DATASET SECTION
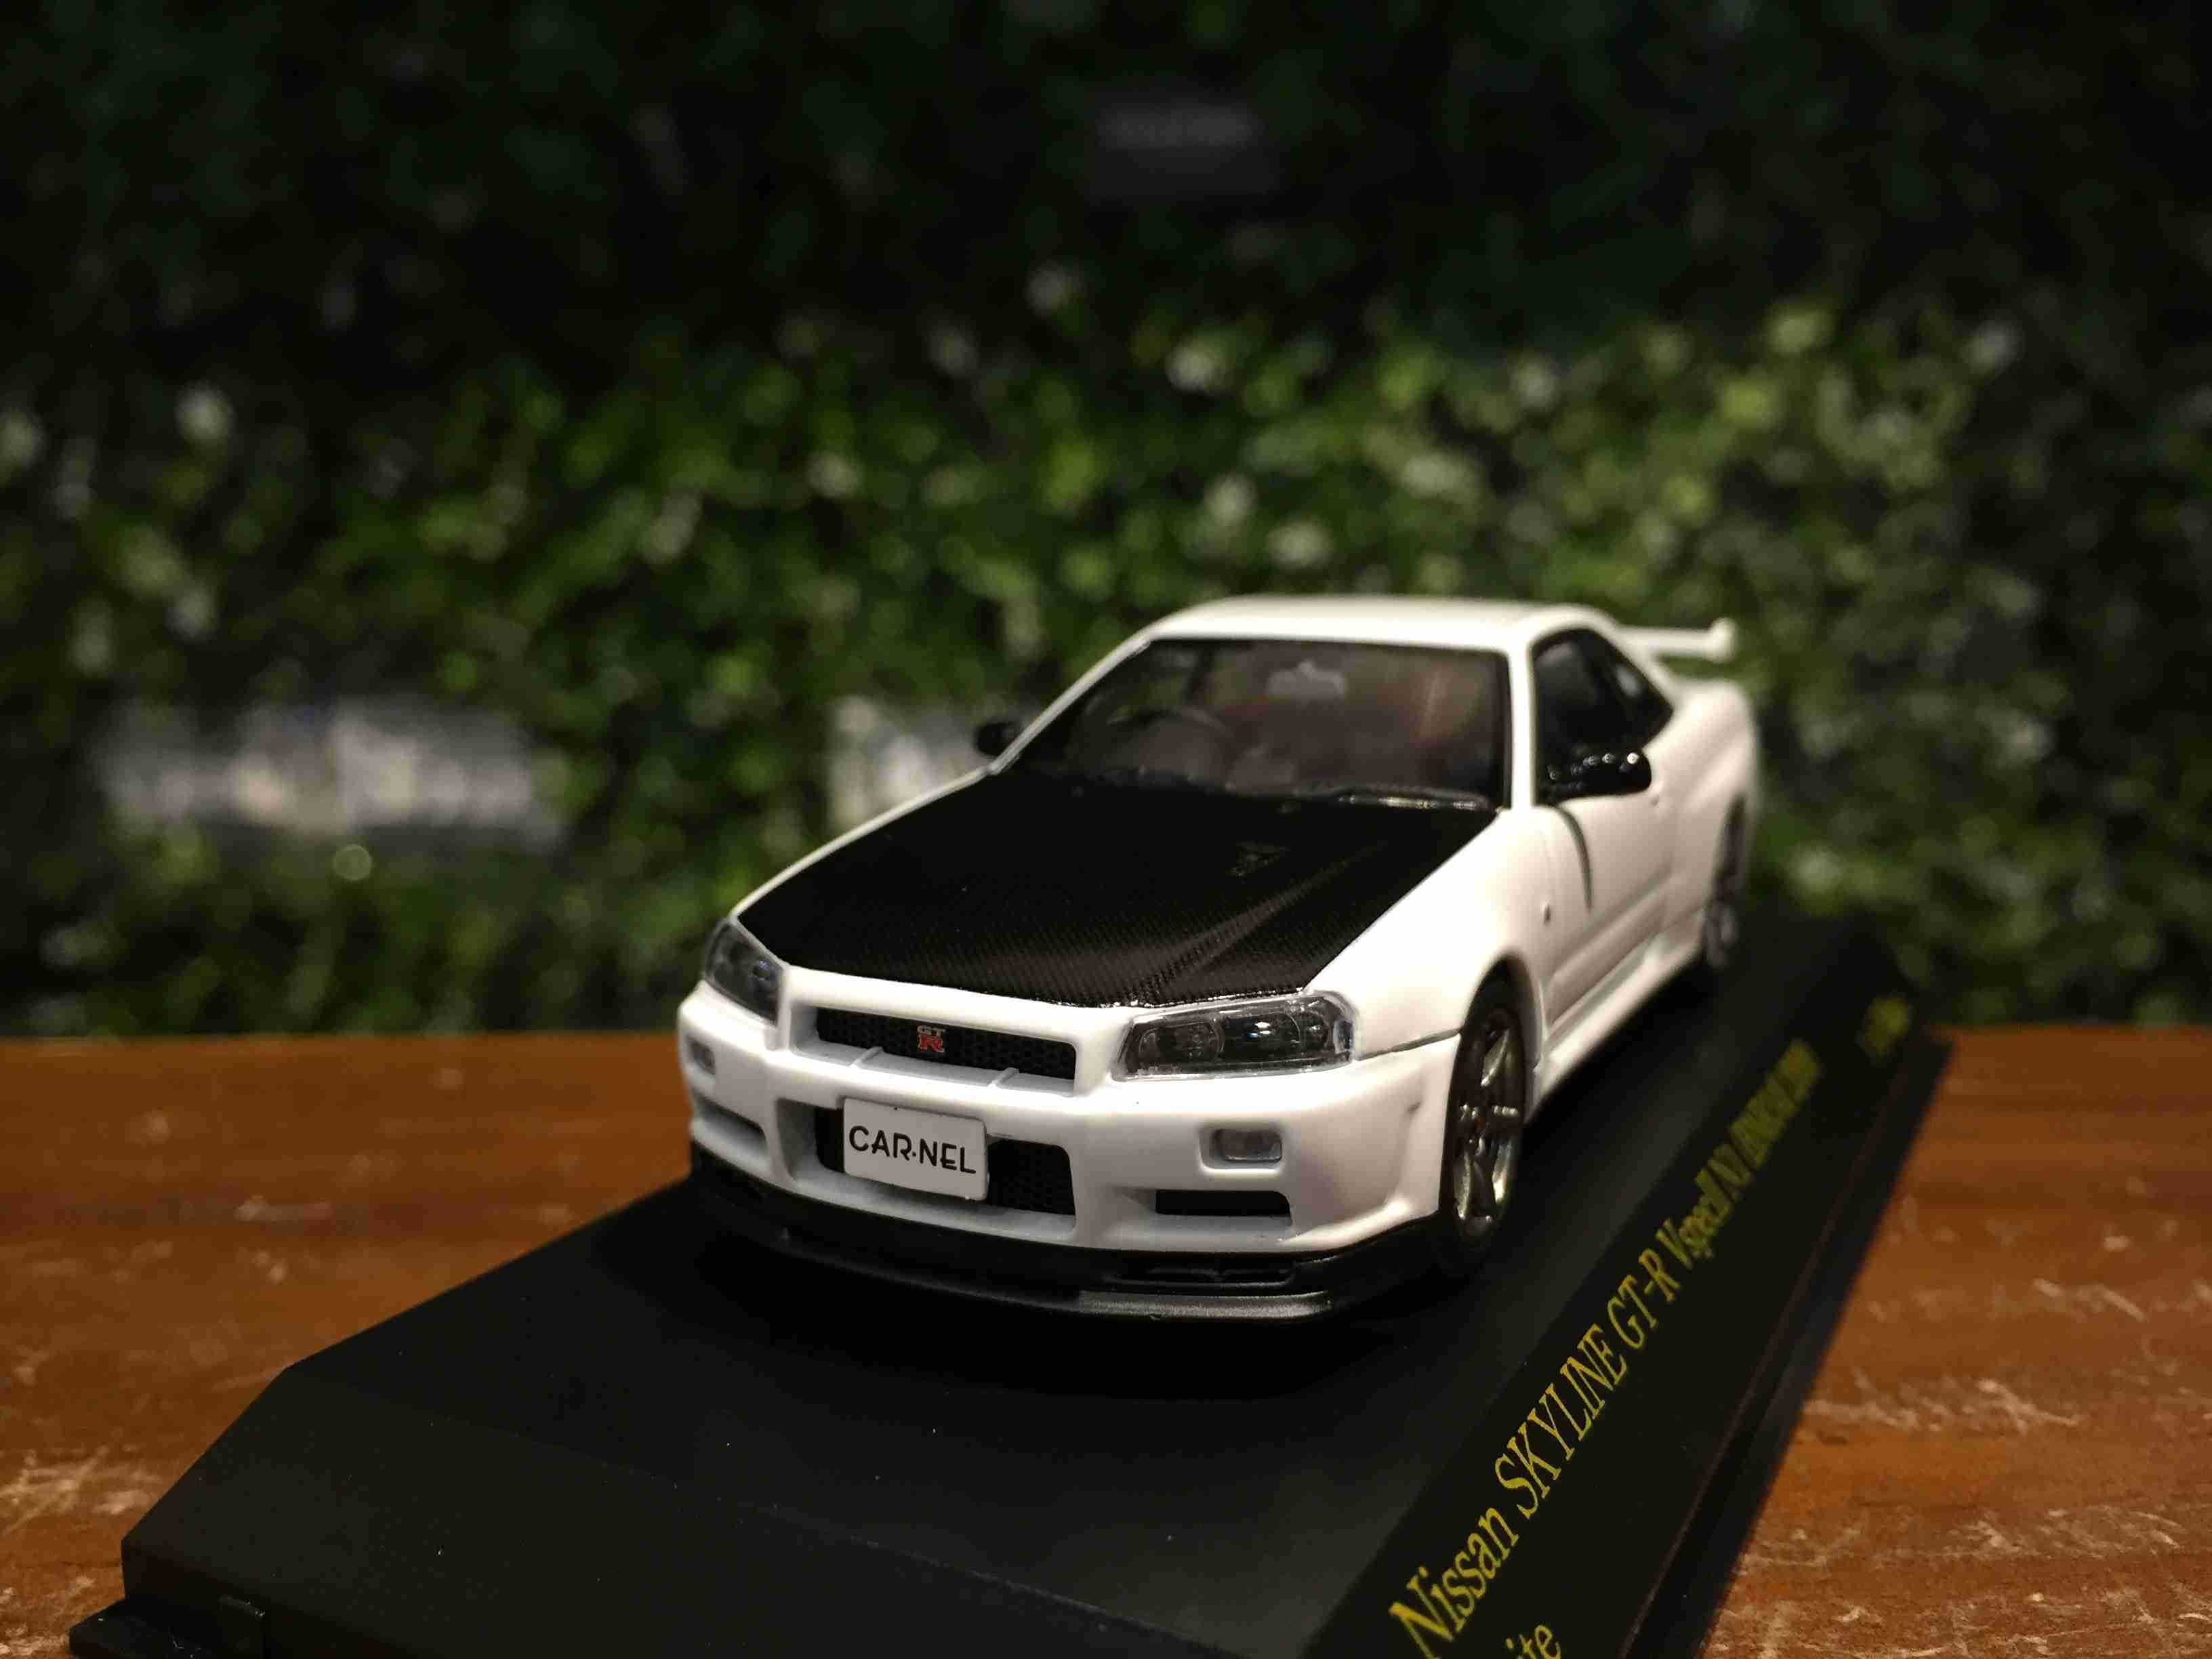 1/43 Carnel Nissan Skyline GT-R (R34) V-Spec 2 CN430001【MGM】
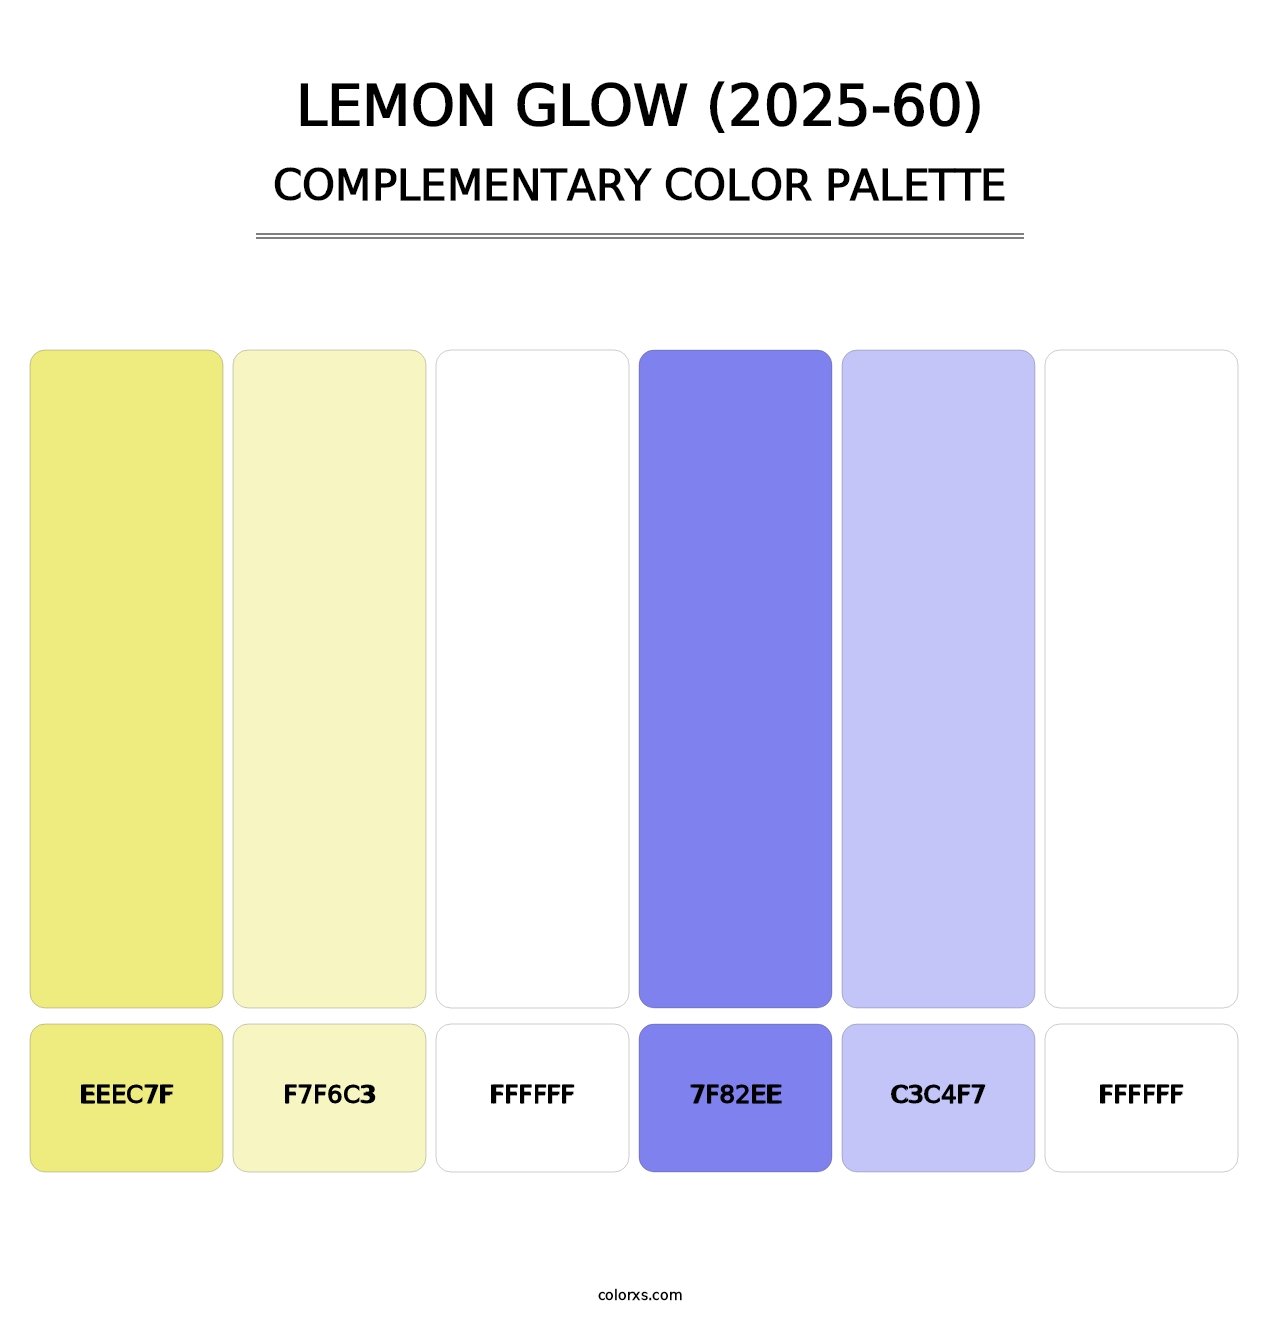 Lemon Glow (2025-60) - Complementary Color Palette
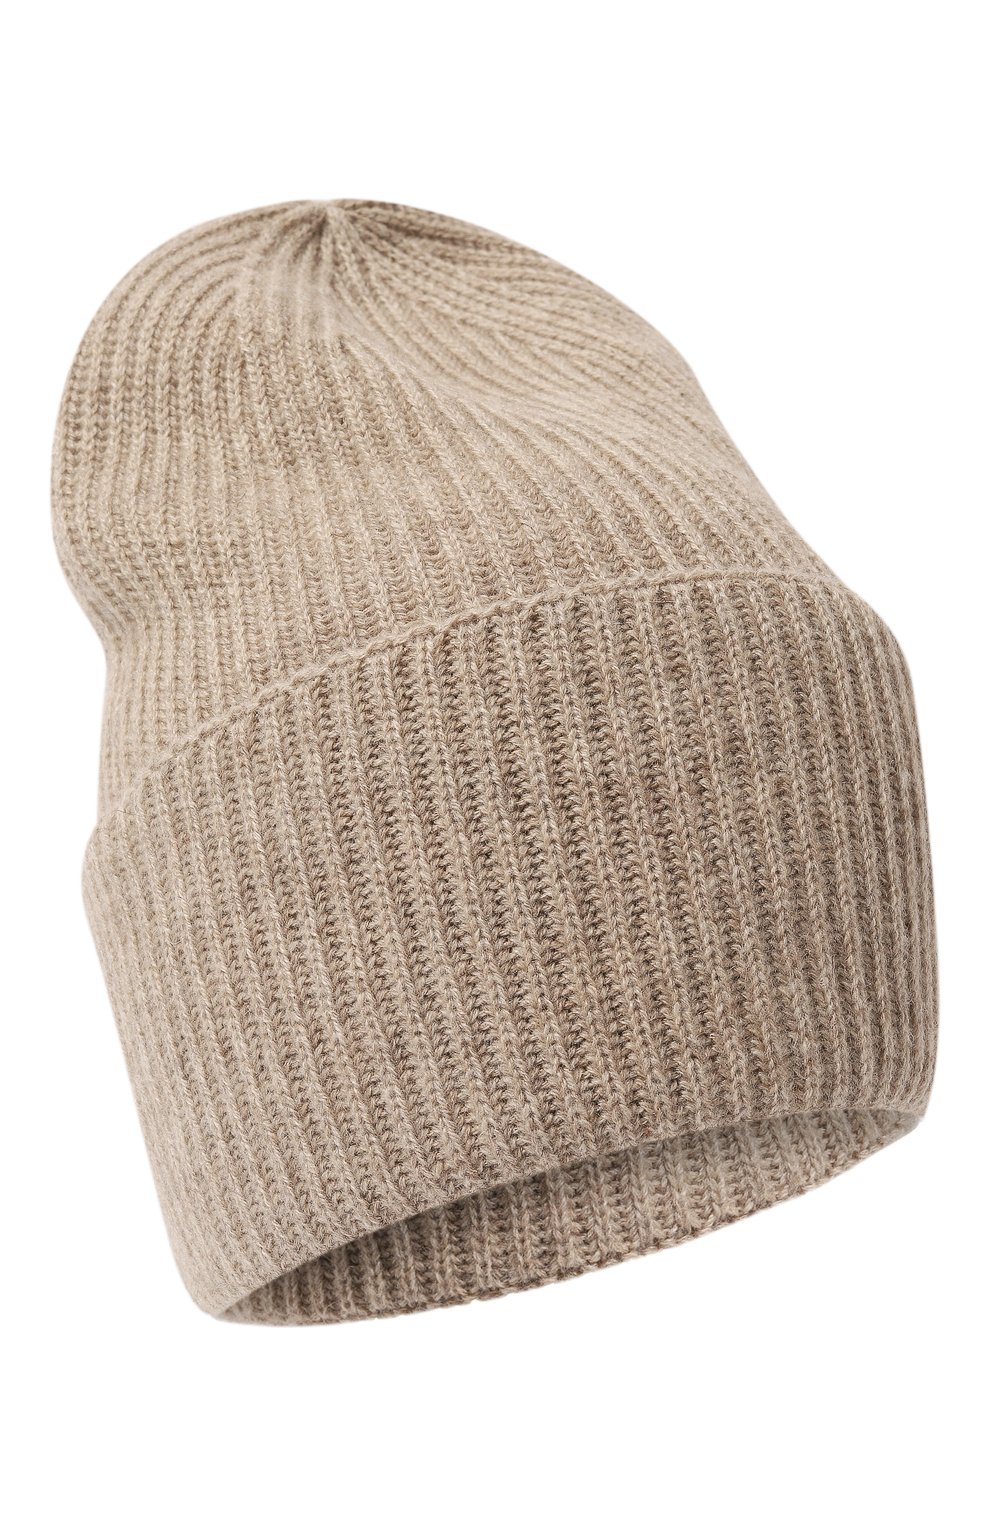 Женская кашемировая шапка FTC бежевого цвета, арт. 800-0950 | Фото 1 (Материал: Текстиль, Кашемир, Шерсть)

TASK OBJECTIVE
Omit each picture, then return all of the listing exactly as it stands.

REPLY TO THE TASK
 1/43 Carnel Nissan Skyline GT-R (R34) V-Spec 2 CN430001【MGM】
 Lemon Glow (2025-60) - Complementary Color Palette
 Женская кашемировая шапка FTC бежевого цвета, арт. 800-0950 | Фото 1 (Материал: Текстиль, Кашемир, Шерсть)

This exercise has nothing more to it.